** Task item **
Print all records exactly, pictures left out.

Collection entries
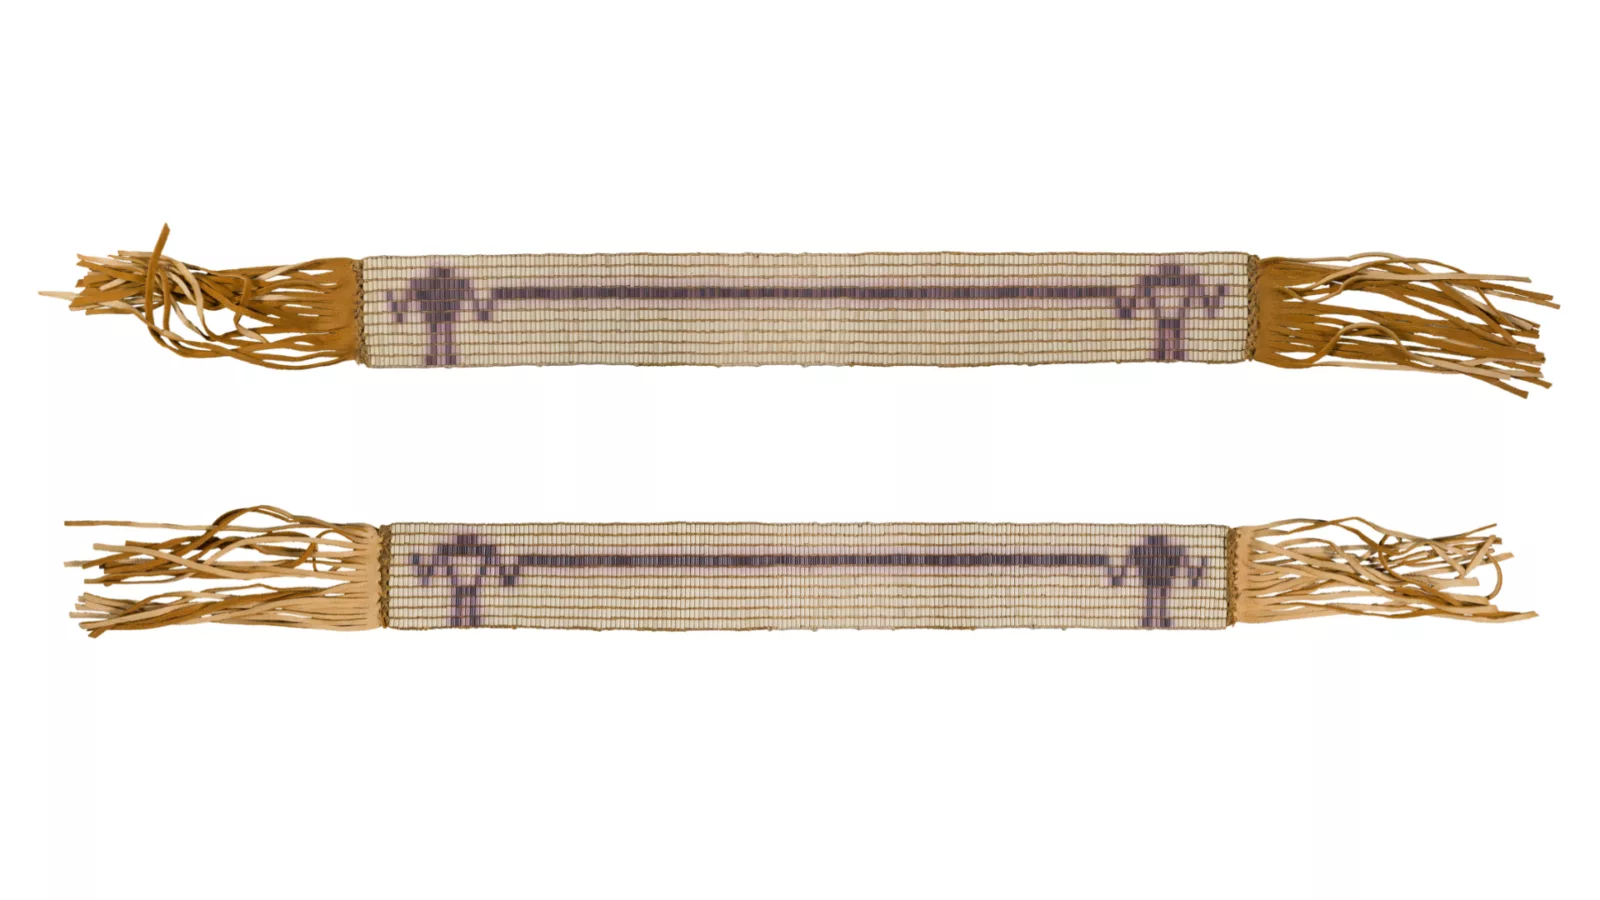 The front and back of a Wampum belt in purple and white beads
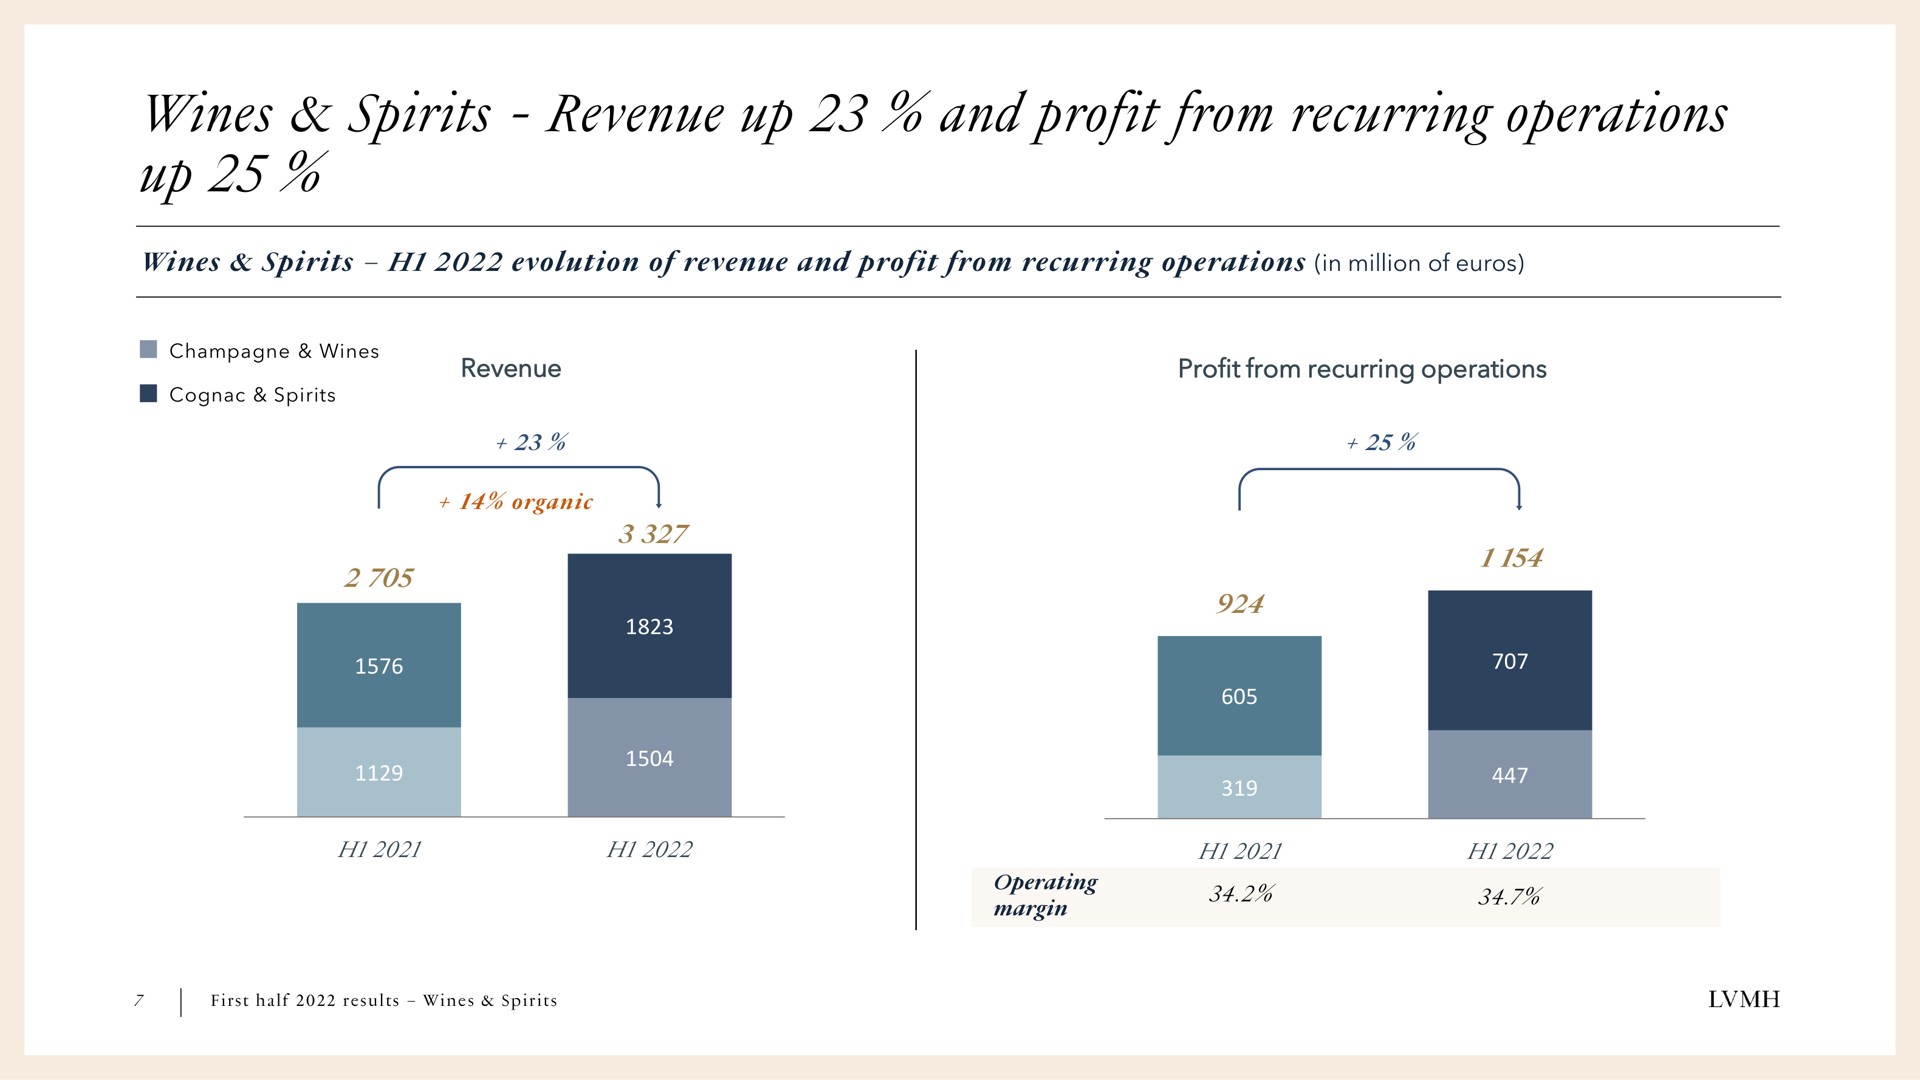 wines spirits revenue up and profit from recurring operations up | LVMH
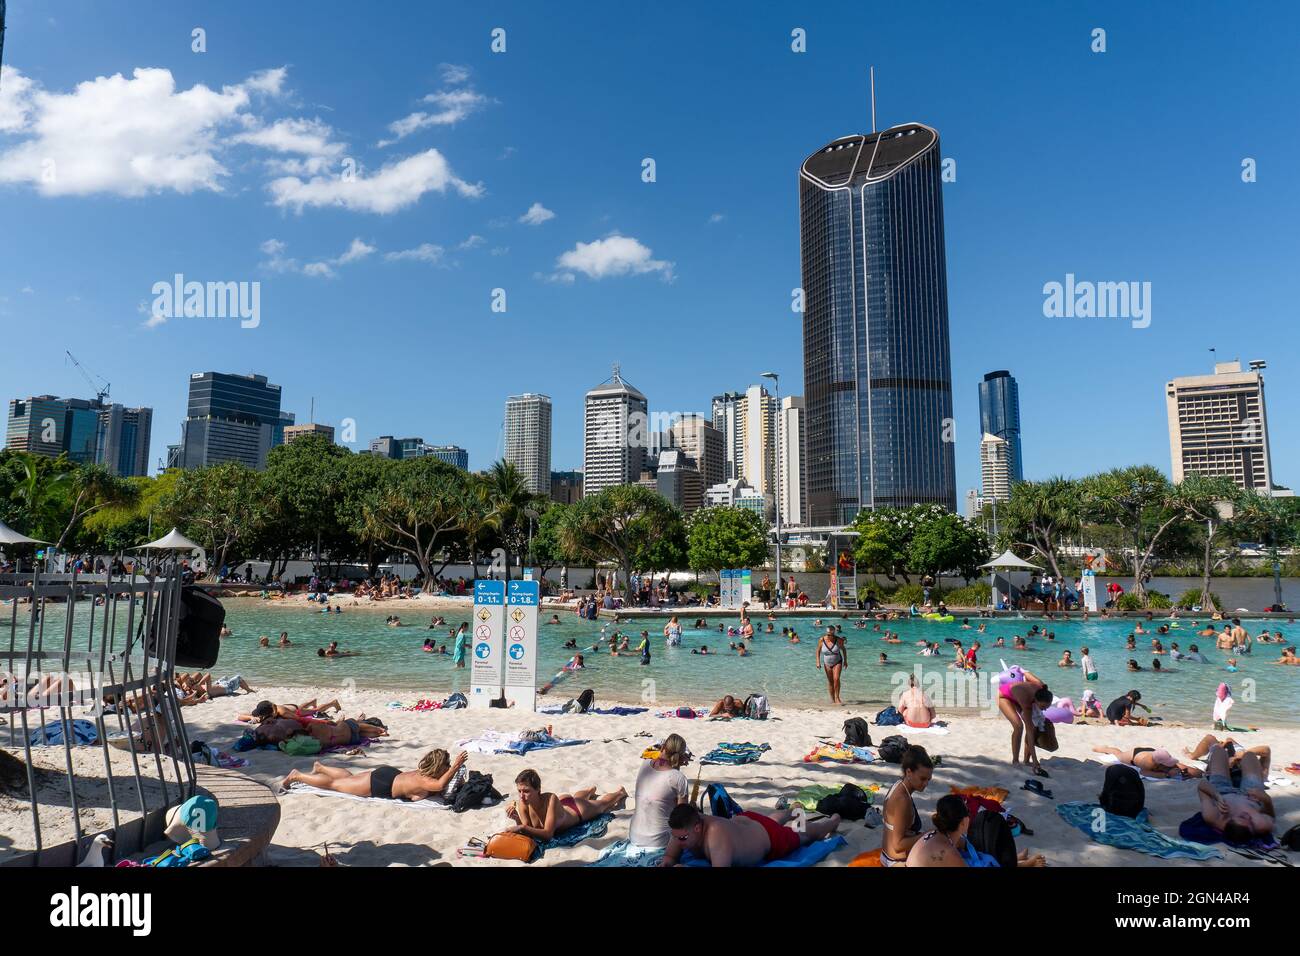 BRISBAEN, AUSTRALIA - Aug 10, 2021: A breathtaking view of Brisbane downtown. People are enjoying summer and good weather on the street. Stock Photo
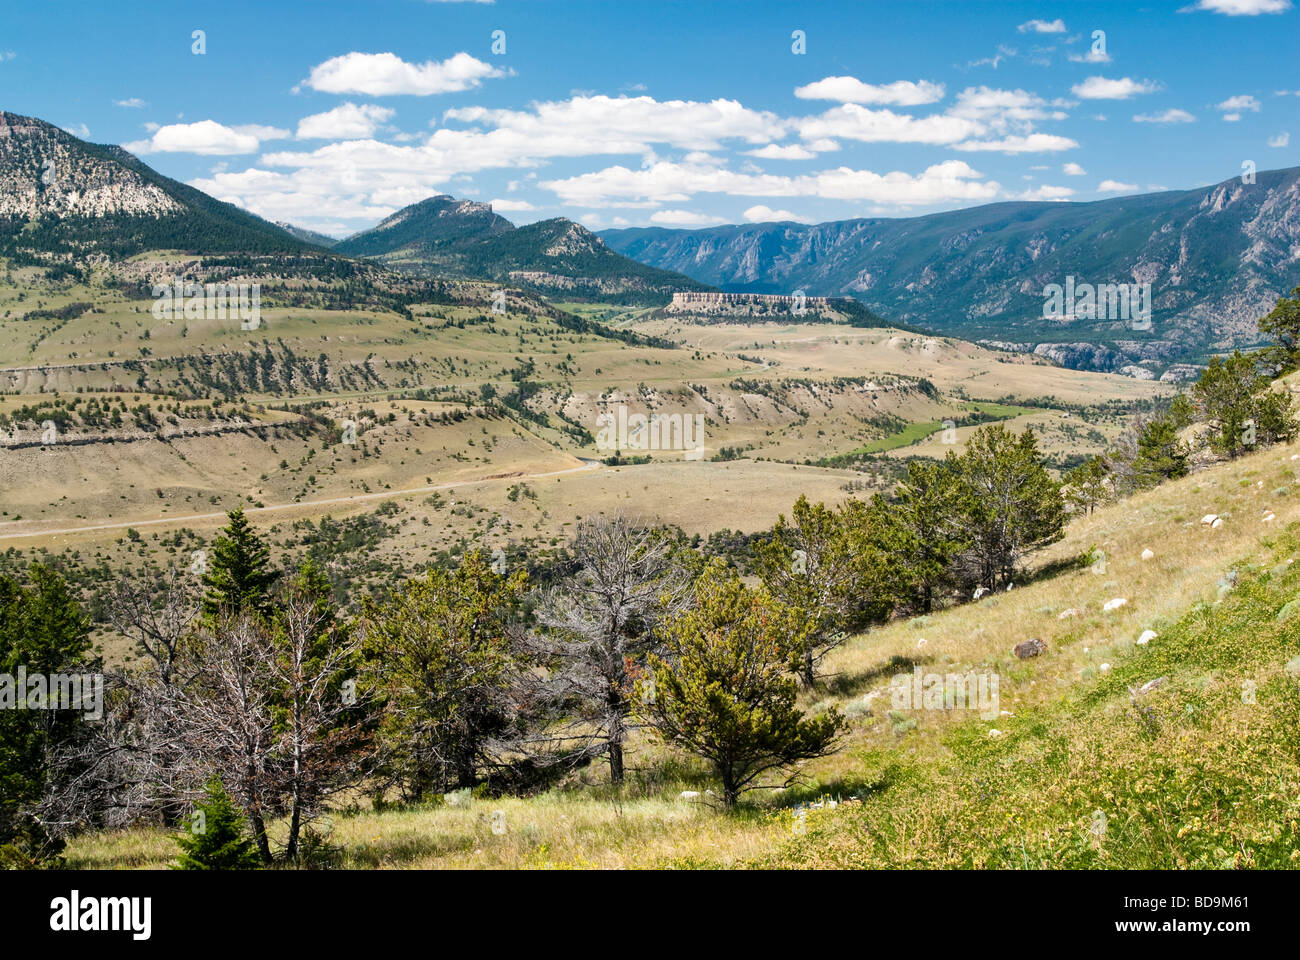 View of the mountains and valleys along Chief Joseph Scenic Byway in Wyoming Stock Photo
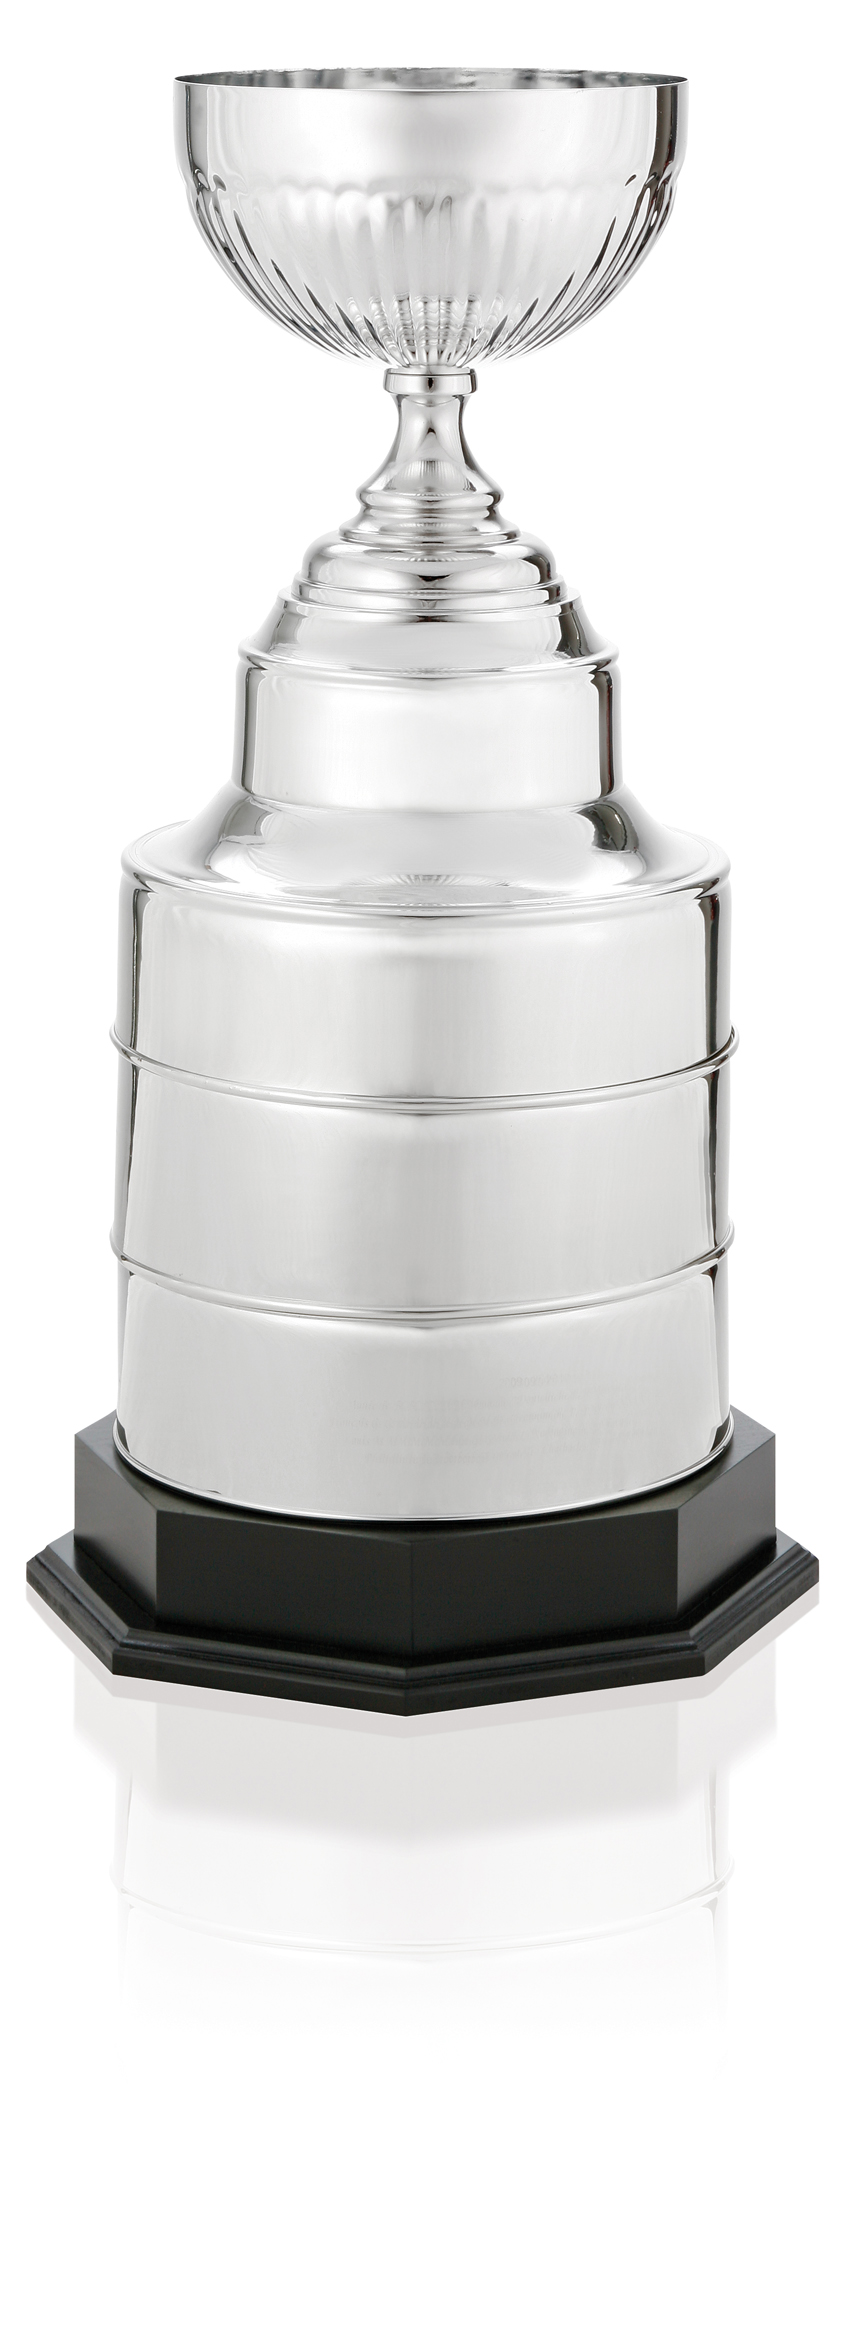 stanley cup clip art free - photo #45

** Expected answer **
 The front and back of a Wampum belt in purple and white beads
 wines spirits revenue up and profit from recurring operations up | LVMH
 BRISBAEN, AUSTRALIA - Aug 10, 2021: A breathtaking view of Brisbane downtown. People are enjoying summer and good weather on the street. Stock Photo
 View of the mountains and valleys along Chief Joseph Scenic Byway in Wyoming Stock Photo
 stanley cup clip art free - photo #45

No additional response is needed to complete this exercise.